Assigned task |
Among the entries below, retype exactly the lines starting with the one with "Pax and Jill" and going on through the one with "7c2df205d8 Ciffre-UV®400 Nuevas", but not the pictures.

Task inputs |
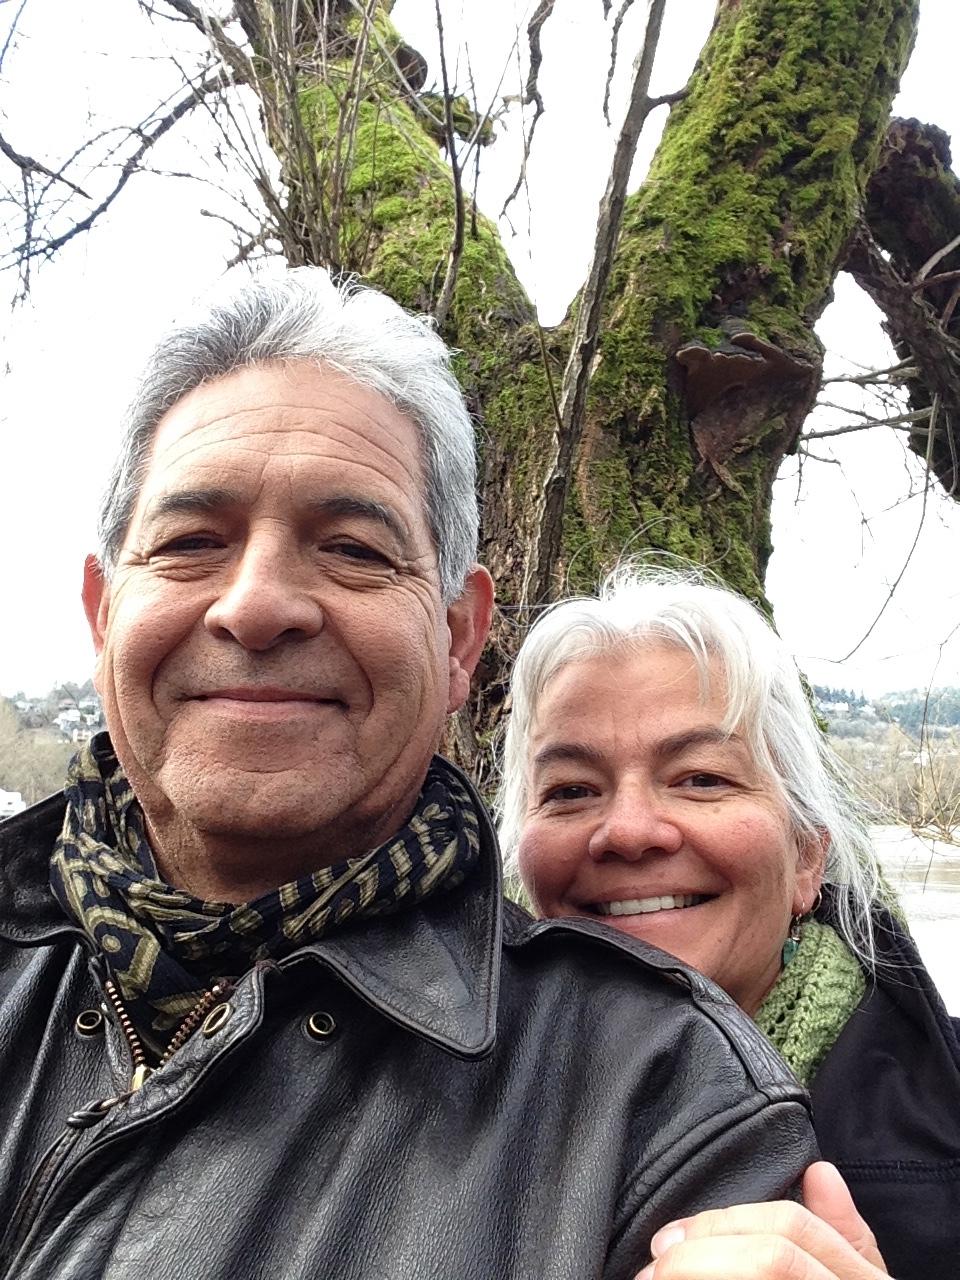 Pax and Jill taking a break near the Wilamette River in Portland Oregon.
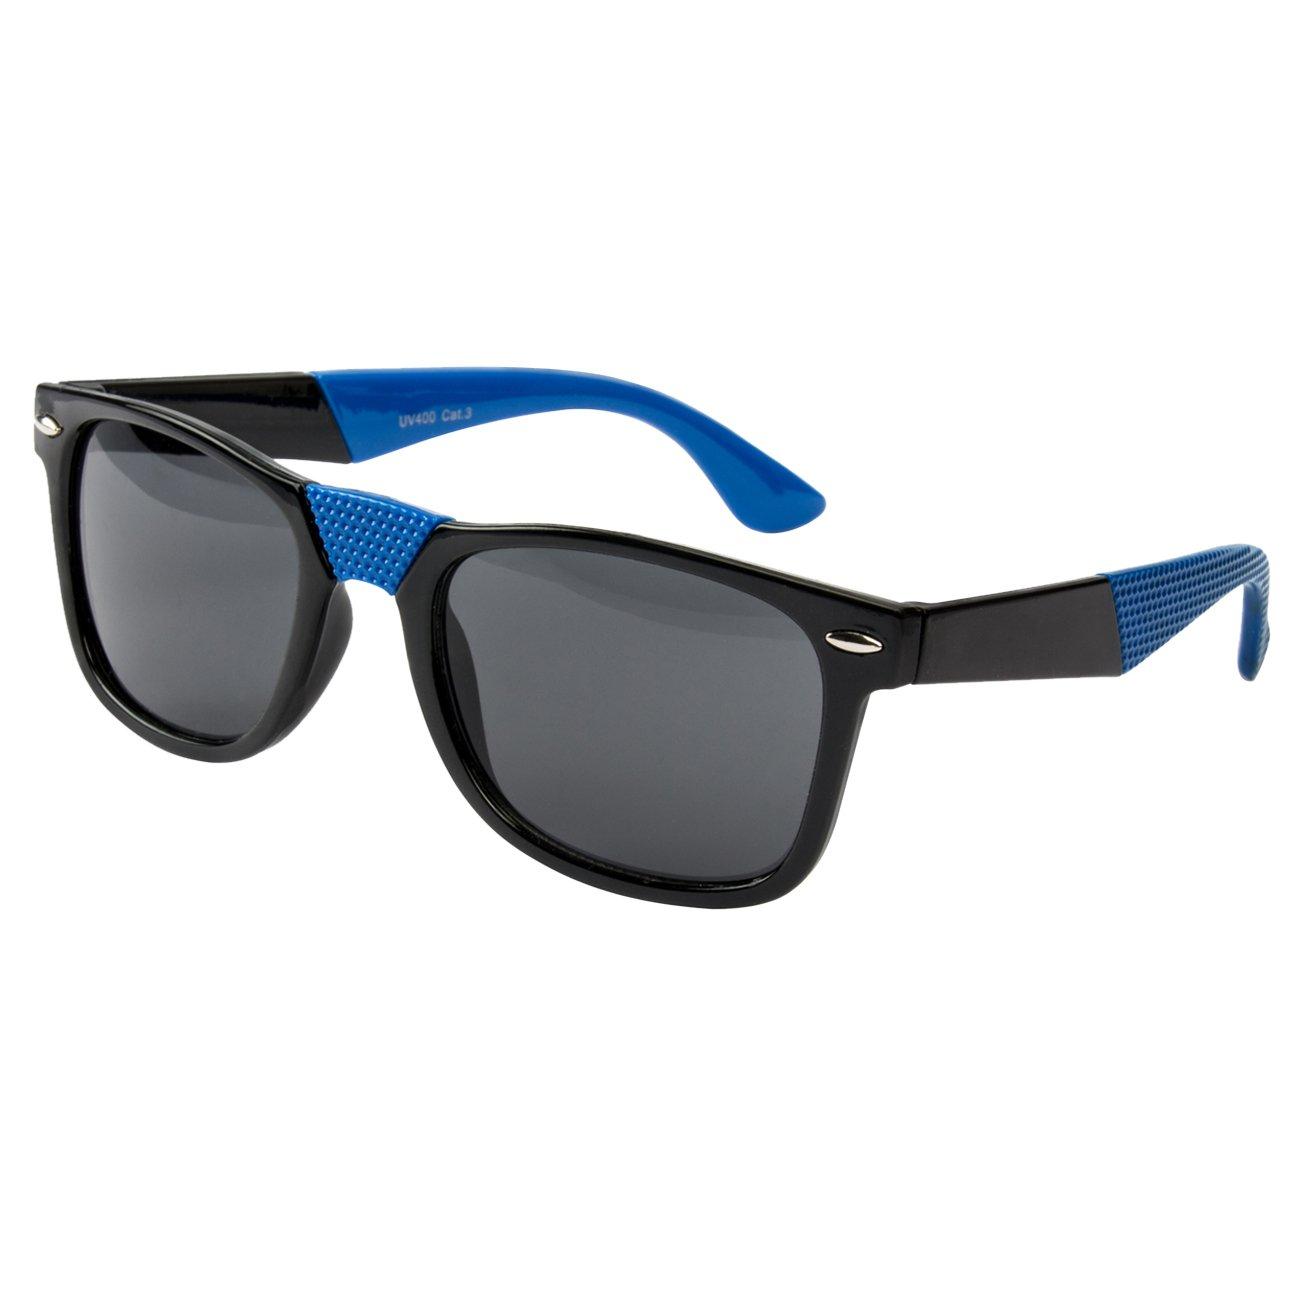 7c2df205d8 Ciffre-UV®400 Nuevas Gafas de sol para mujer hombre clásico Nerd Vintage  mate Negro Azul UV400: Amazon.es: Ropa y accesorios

* * *

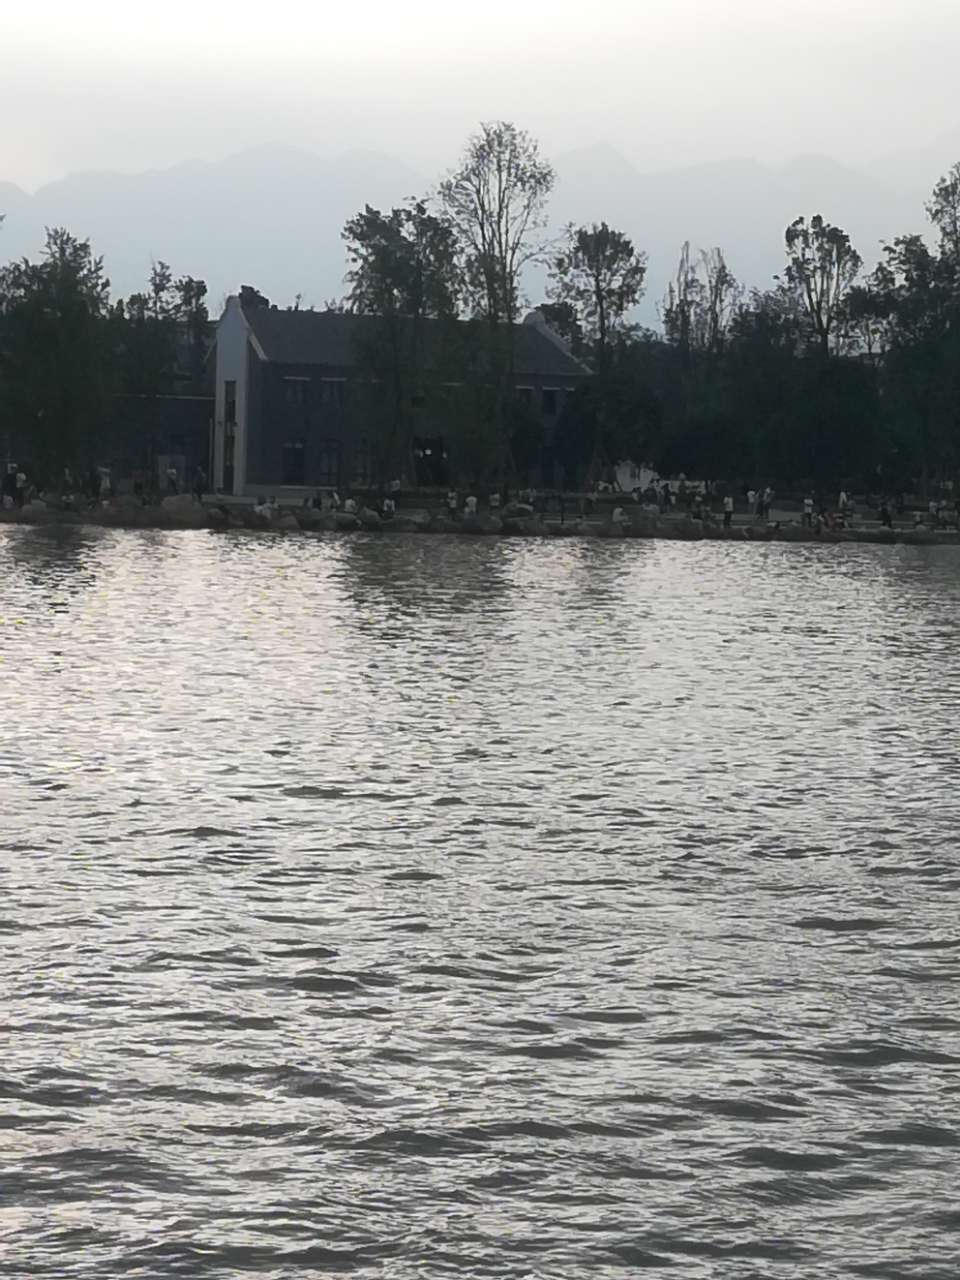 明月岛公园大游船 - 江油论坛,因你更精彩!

Response to this task |
 Pax and Jill taking a break near the Wilamette River in Portland Oregon.
 7c2df205d8 Ciffre-UV®400 Nuevas Gafas de sol para mujer hombre clásico Nerd Vintage  mate Negro Azul UV400: Amazon.es: Ropa y accesorios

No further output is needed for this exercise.